Sunday, November 19, 2006

Nucular puhlifferation

I remember my mom working when I was very young. She was a nurse, and old-school nurse who had been trained to do everything in a specialized (not unlike conservatory) school. It's not done that way now, and when a new nurse appears on staff somebody has to precept them for a long while, teaching them what to actually do with patients.

These were the days of the white behatted uniform, and my mom looked so spunky done up in perfect red pincurls and cat-eye glasses. I love pictures of her from back then, with her capris out riding motorcycles in the desert with a bad boy who became my dad. I imagine it must have been so freeing to leave Opportunity, Montana for Opportunity, real world.

From my earliest memories I knew my mom had worked hard and amassed tons of medical info to get where she was. She amazed me, and I assumed she was in charge everywhere she went. She probably was.

There are so many excellent stories confirming this sass coming to life in her time on the job. In her fifties she returned to nursing after a long hiatus. A few weeks into that job she accidentally socked her friend- an ex-Philly Eagle linebacker turned doctor- in the balls while unwrapping a patient's leg. All he could manage to squeek was, I'm okay Karen- please don't hit me again. Bet the other Minor Dieties thought twice before hassling her after that.

My first knowledge of mom having any role outside of our house came when she took me to visit a man I thought must be magical since he lived in a building made special just for him and had groups of people on his staff. He's the Hanford "accident" I was talking about yesterday.
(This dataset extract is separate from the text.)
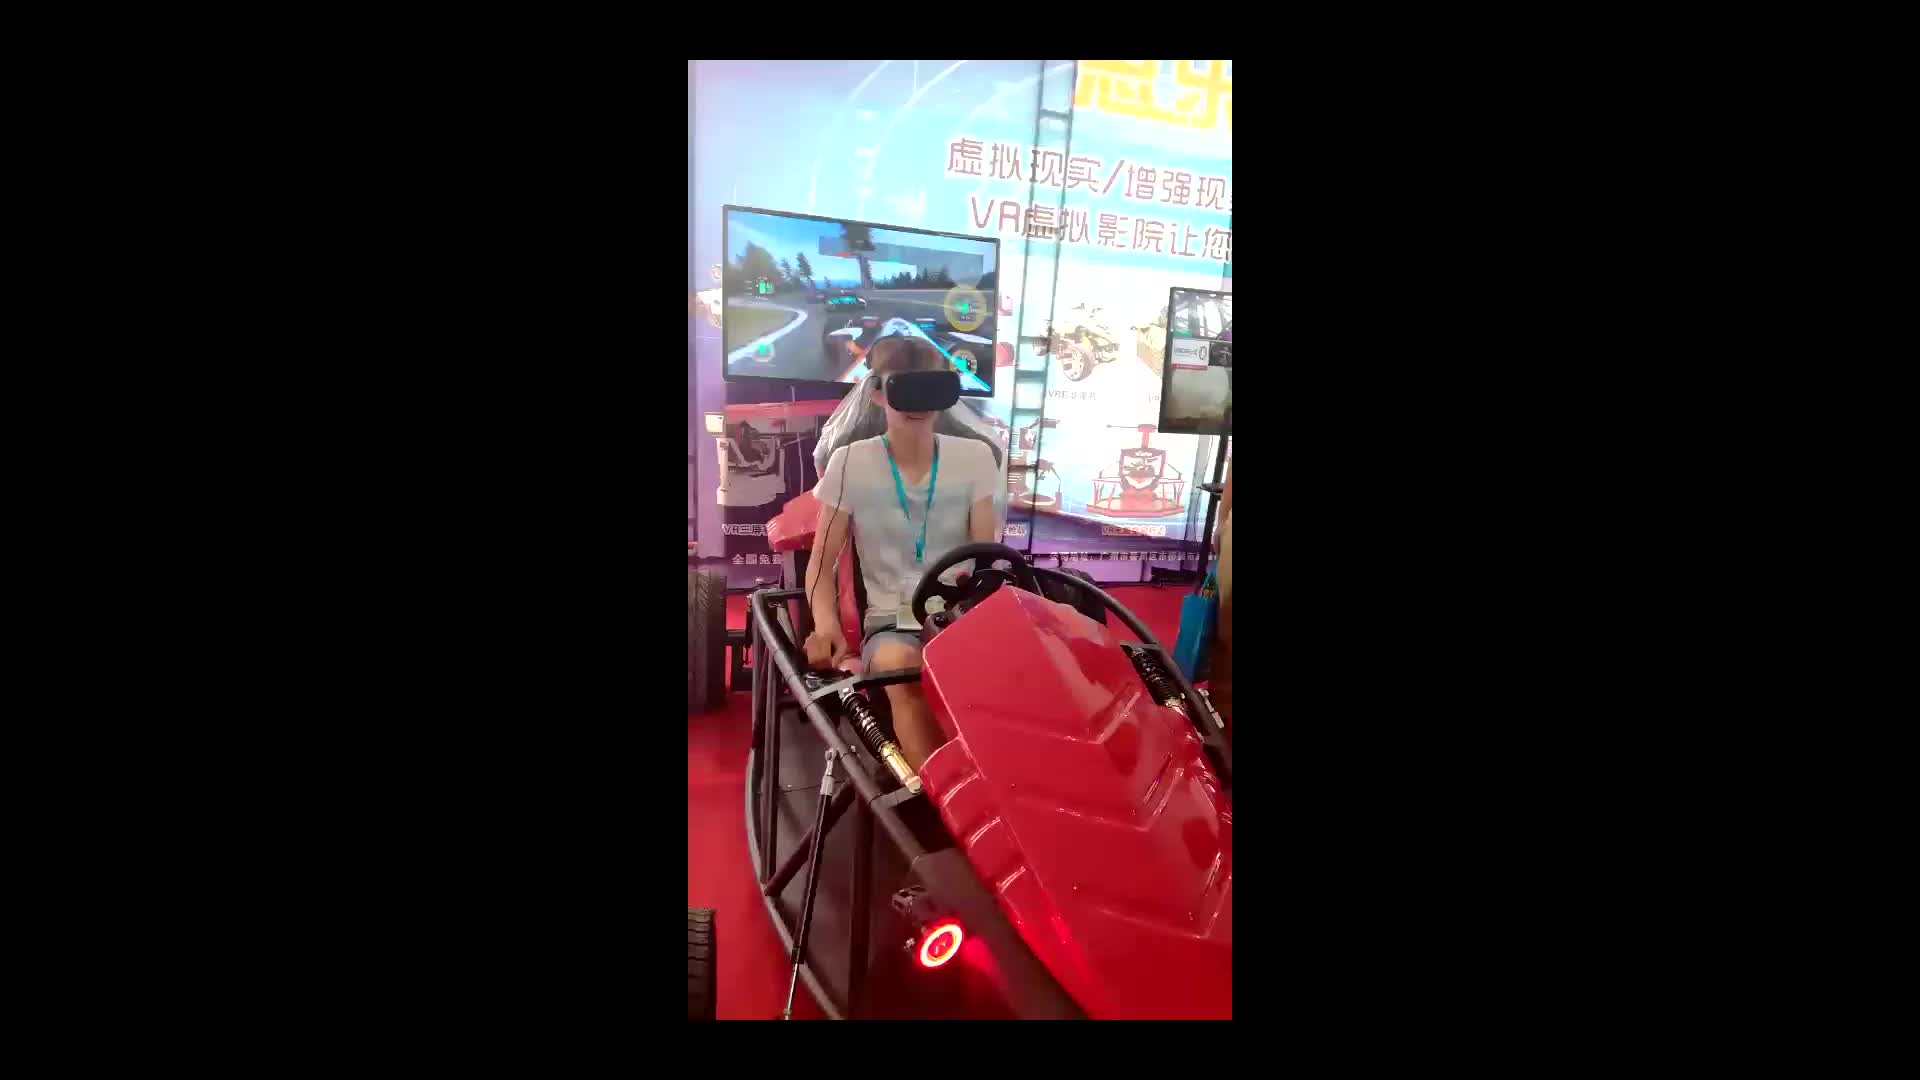 Máquina de jogo de simulador de VR vr dirigindo corrida simulador motion playseat f1

I knew him as Mac and loved to visit him to color and have him read to me in the facility where my mom was his nurse. The story goes that he was on duty at the nuclear plant, the second shift of men back to work at cleaning Americium after a strike there. He couldn’t have known that the first shift had failed to change out the chemical bath. Things began to overheat and react as the second batch of radiation was initiated, sending up a small cloud of green steam. I wonder why claxons didn't sound like they do in the movies.

His biggest mistake was removing his mask to better determine whether he was really seeing fumes rise up behind the several panes of leaded glass. I imagine it was like that second of disbelief before a car wreck, where you can't grasp how things could possibly go that wrong. The glass did nothing more than embed Mac's body with a million radioactive shards, emanating that foreign energy within him the rest of his life.

What stuns me about the story is that fellow workers came running, past fear toward the noise. Mac's friend Marvin seared his own lungs pulling him out, saving him.

In the aftermath, Hanford seemed to want to will the whole episode away, to expunge it from history. I remember Mom had to fight to get new sheets every day- they were soaked with blood and alpha radiation daily. She also had to fight for checks of her own body before heading home to her young family each night. She threatened them with media leaks, and they conceded. I'm telling you, she's tough.

One night she heard an odd clanging sound, and sent the security guard to check it out. Some dumbass members of the media were trying to break in through the concrete block walls, to gain entry into an air locked building. Had they succeded, my mom would have only had more patients. (My dad likes to add that they were already contaminated… with LIBERALism.)

Mac lived to a good old age, leaving the hospital and carrying his geiger counter wherever he went. Pieces of glass continued to work themselves out, though he dealt with it all as more of a curiousity than a burden.

I suppose most women idolize their moms. I realized I should have included her in my post a while back about women who made it to my own personal covet-this list. She fits right in- when we had a CB radio her handle was Raquel (RACK-el). See,you know why.